# Reign Of Intensity



## King Silverback (Mar 12, 2010)

Hey everyone, gonna try another journal, hope there is still interest in what I do...

This is my current routine

Monday - Back/Chest
Wednesday - Legs/Abs
Friday - Delts/Biceps/Triceps

Rep Cadence is 4/1/explode under control/1

Todays workout :

Delts/Biceps/Triceps

Delts
Hi-Rows
135x7
r/p
2
r/p
2

Hi-Cable Rear Laterals
40x15
r/p
3
r/p
2

Biceps
Cable Single Arm Curls
80x10 each
r/p
3 each
r/p
4 each

Standing Straight Bar Curls
70x8
r/p
2
r/p
1 + 1 Forced Rep

Triceps
Rope Pushdowns
100x13
r/p
3
r/p
3

Dips
BWx10
r/p
2
r/p
2

Hi-Rows are similar to Upright Rows, with the exception on ROM, I use a wide grip so when I pull the bar up my torso, the upper arms are parallel to the floor (similar to the end position in Side Laterals) and the bar is right about sternum level, no higher as that tweaks my shoulder!!!
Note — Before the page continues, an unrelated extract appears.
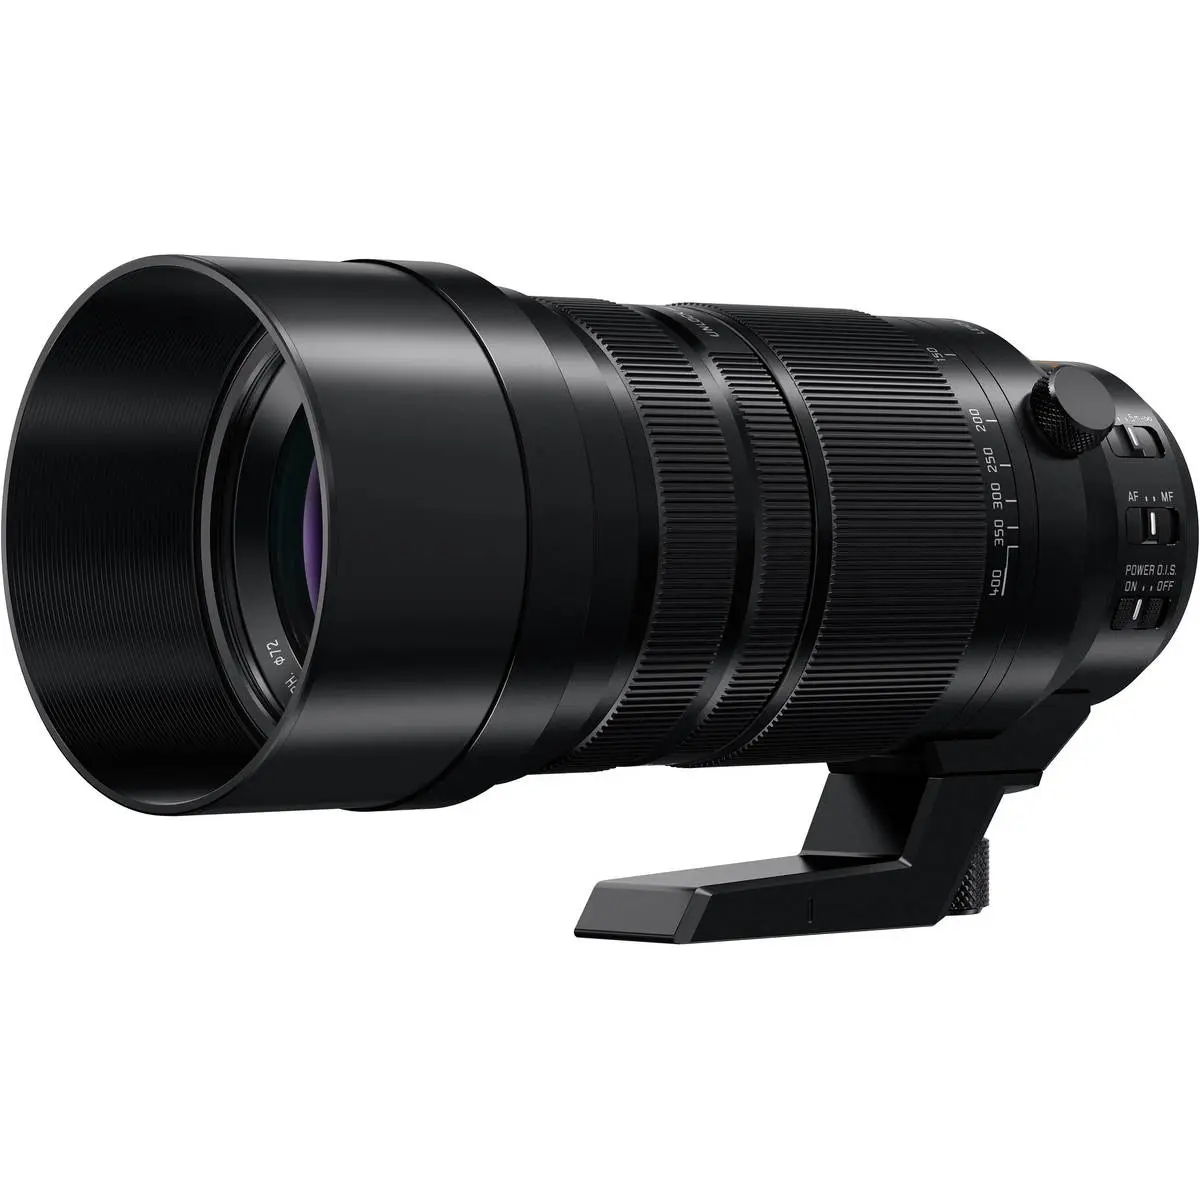 1. Panasonic DG V-Elmar 100-400mm F4.0-6.3 ASPH OIS Lens
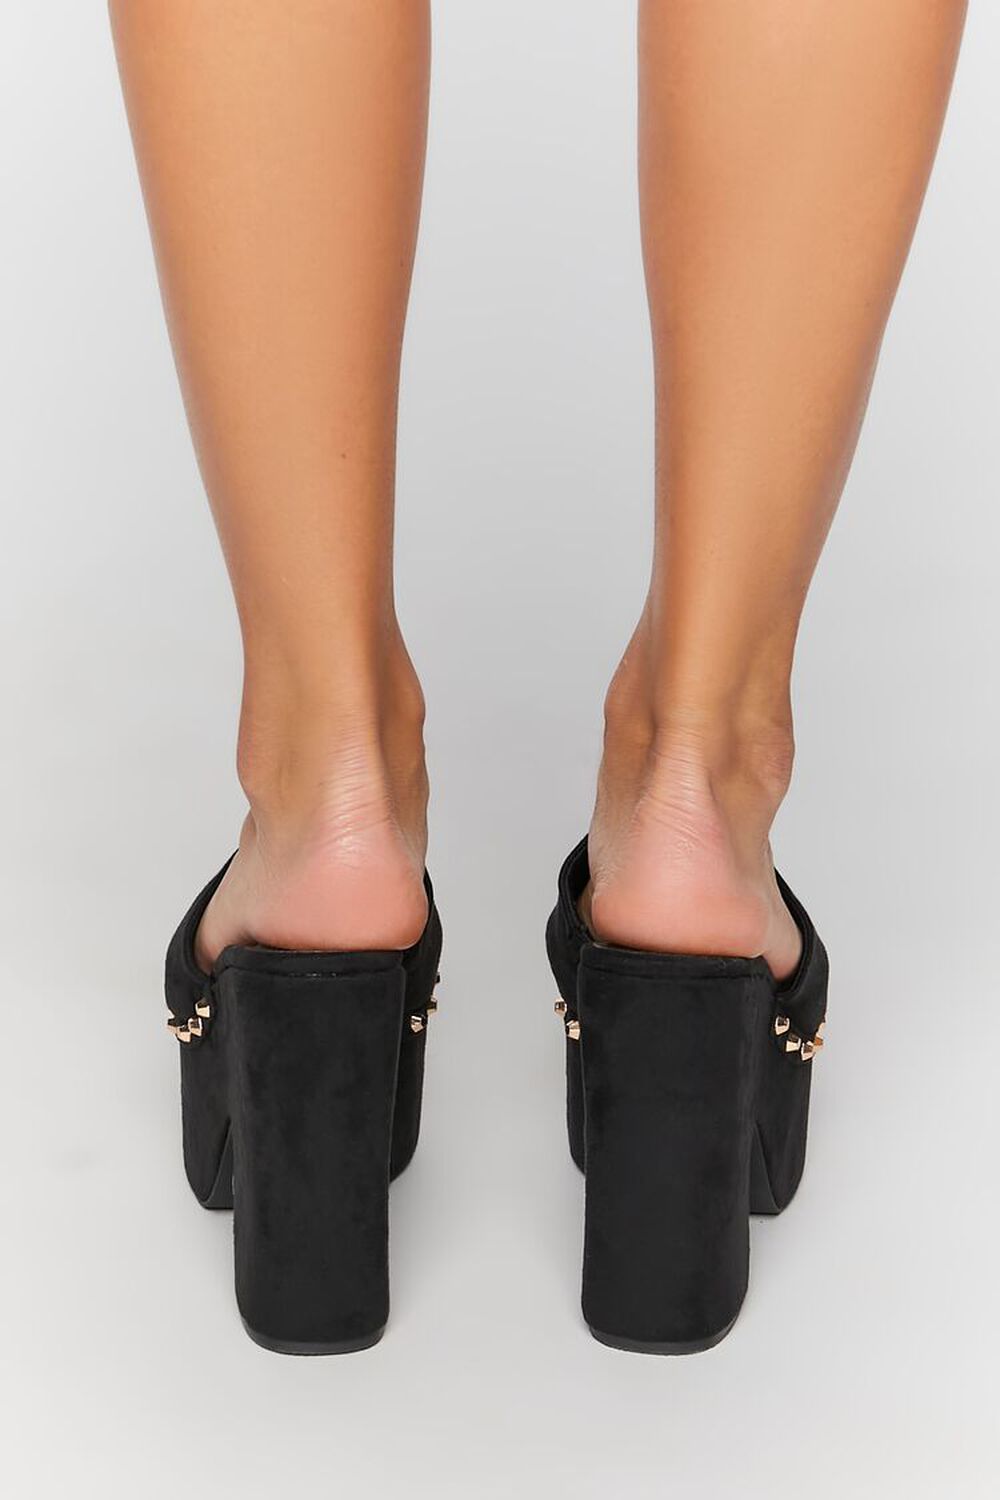 BLACK Studded Platform Clog Heels, image 3

Any questions or comments or critiques are Welcomed!!!


----------



## Burner02 (Mar 12, 2010)

Hey buddy! of course always interest in what ya do! You do inspire!
How are you liking the high rows? Will have to try them...if my broke-ass self can get fixed and back in the gym.


----------



## Gazhole (Mar 13, 2010)

I thought this was called "Reign of Insanity", but knowing how you train this isn't too far from the truth!

Looking forward to some awesome workouts in here!


----------



## JerseyDevil (Mar 13, 2010)

Welcome back Arch!!!


----------



## King Silverback (Mar 15, 2010)

Thanks Everyone, appreciate that!!!

Today
3.15.10

Chest/Back

RC=5/1/explode with control/1

Incline BB Bench
245x5
r/p
1
r/p
1 + 2 Negatives 

Hi Cable Crossovers
#5x11
r/p
2
r/p
1 + attempted rep (1/2 way???)

Seated Rows
#11x10
r/p
2
r/p
1 + 2 Negatives

Pulldowns
160x10
r/p
2
r/p
1 + 2 Negatives

Straight Arm Pushdowns
60x10
r/p
2
r/p
1


DONE...
Skipped Cardio, just had NOTHIN left to continue!!!


----------



## JerseyDevil (Mar 15, 2010)




----------



## katt (Mar 15, 2010)

okay I wanted to know how you could do back and chest on the same day???? 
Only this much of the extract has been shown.